A radar scatterometer operates by transmitting a pulse of microwave energy towards the Earth's surface and measuring the reflected energy. A separate measurement of the noise-only power is made and subtracted from the signal+noise measurement to determine the backscatter signal power. Sigma-0 (σ⁰) is computed from the signal power measurement using the distributed target radar equation. Scatterometer instruments are very precisely calibrated in order to make accurate backscatter measurements.

The primary application of spaceborne scatterometry has been measurements of near-surface winds over the ocean.[1] Such instruments are known as wind scatterometers. By combining sigma-0 measurements from different azimuth angles, the near-surface wind vector over the ocean's surface can be determined using a geophysical model function (GMF) which relates wind and backscatter. Over the ocean, the radar backscatter results from scattering from wind-generated capillary-gravity waves, which are generally in equilibrium with the near-surface wind over the ocean. The scattering mechanism is known as Bragg scattering, which occurs from the waves that are in resonance with the microwaves.

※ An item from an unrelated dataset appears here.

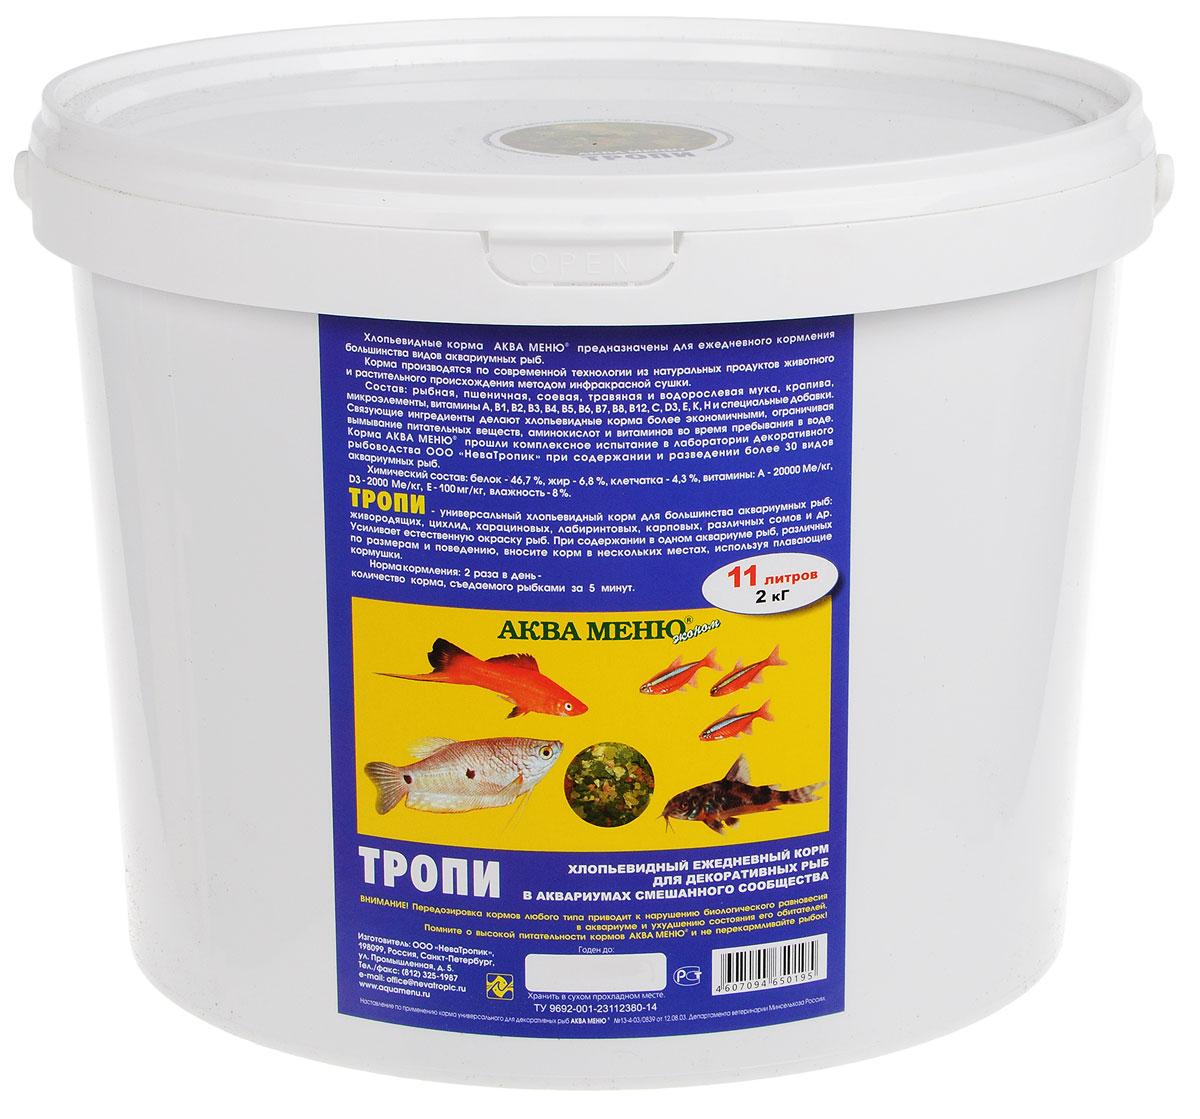 Корм Аква Меню Тропи, для декоративных рыб, 11 л (2 кг) корм для рыб аква меню флора 2 с растительными добавками для рыб средних размеров 30 г
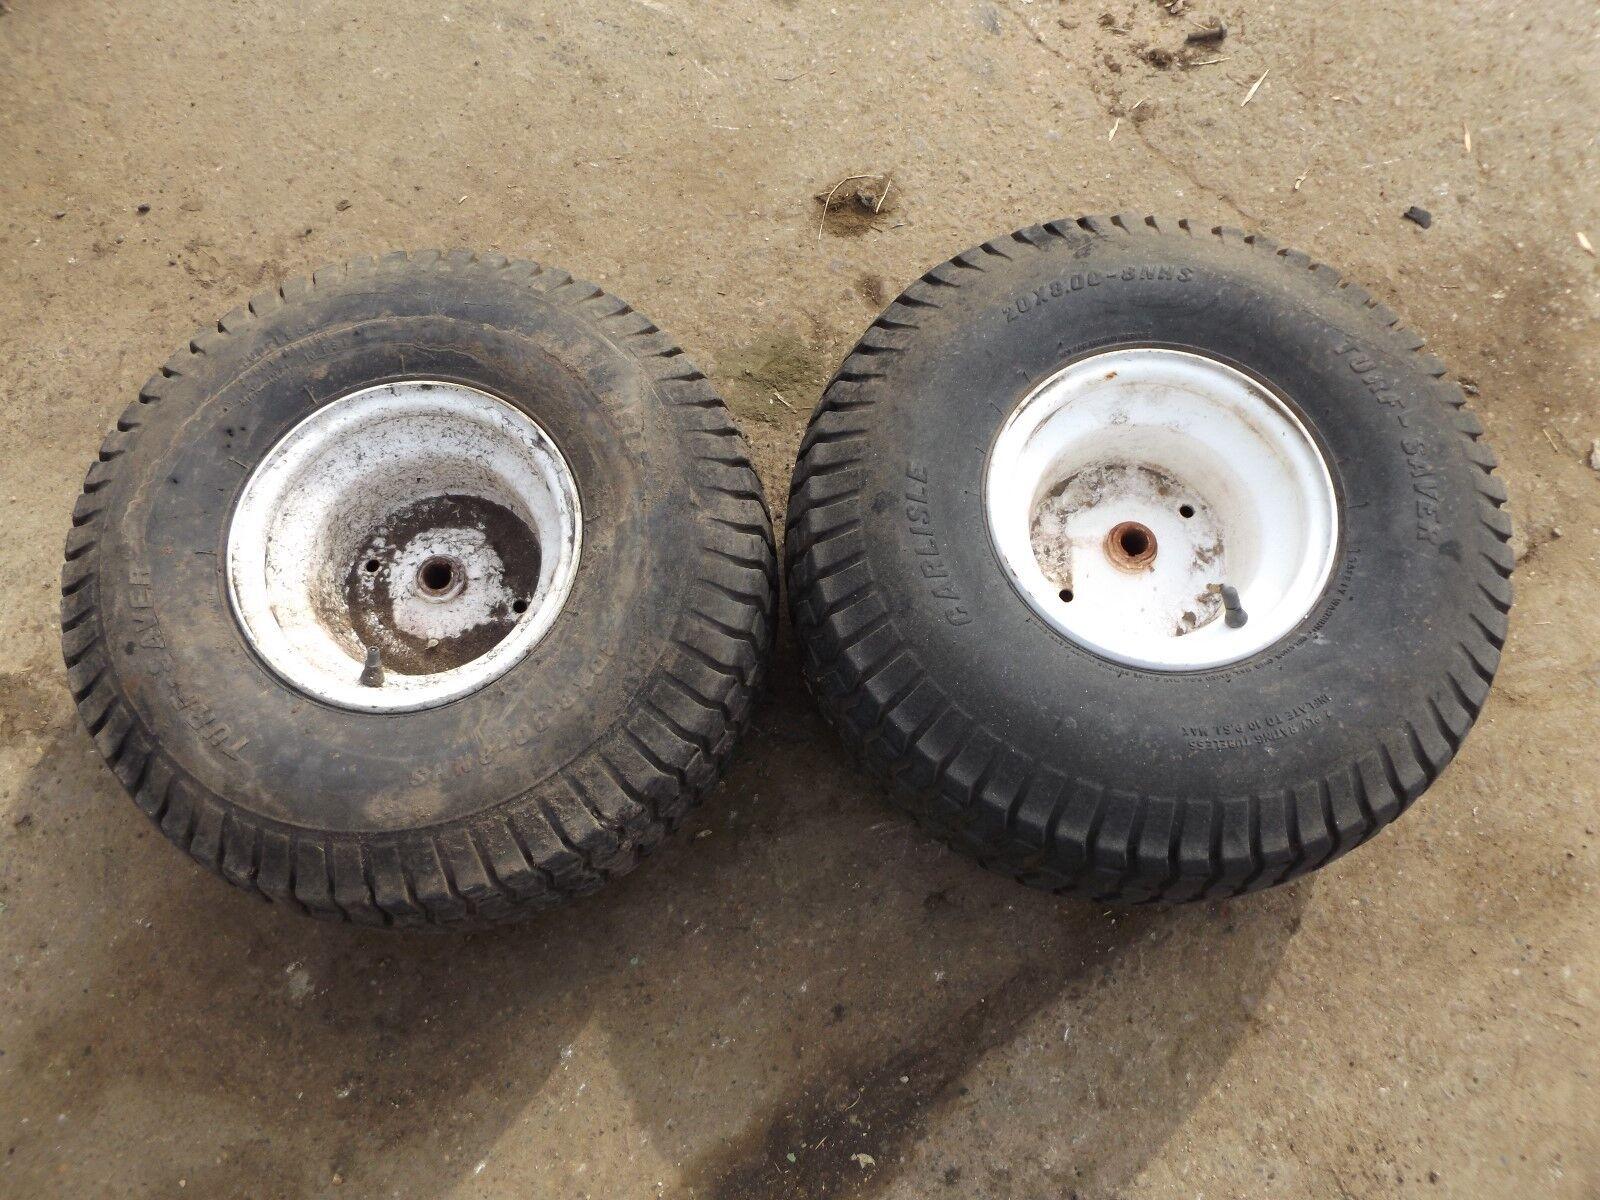 Craftsman LT2000 Rear Rims and Tires 20x8.00-8

The backscattered power depends on the wind speed and direction. Viewed from different azimuth angles, the observed backscatter from these waves varies. These variations can be exploited to estimate the sea surface wind, i.e. its speed and direction. This estimate process is sometimes termed 'wind retrieval' or 'model function inversion'. This is a non-linear inversion procedure based on an accurate knowledge of the GMF (in an empirical or semi-empirical form) that relates the scatterometer backscatter and the vector wind. Retrieval requires an angular diversity scatterometer measurements with the GMF, which is provided by the scatterometer making several backscatter measurements of the same spot on the ocean's surface from different azimuth angles.

 
A snapshot of Typhoon Soulik while at Category 4 intensity captured by Eumetsat's ASCAT (Advanced Scatterometer) instrument on board the Metop-A satellite

Scatterometer wind measurements are used for air-sea interaction, climate studies and are particularly useful for monitoring hurricanes.[2] Scatterometer backscatter data are applied to the study of vegetation, soil moisture, polar ice, tracking Antarctic icebergs[3] and global change.[4] Scatterometer measurements have been used to measure winds over sand and snow dunes from space. Non-terrestrial applications include study of Solar System moons using space probes. This is especially the case with the NASA/ESA Cassini mission to Saturn and its moons.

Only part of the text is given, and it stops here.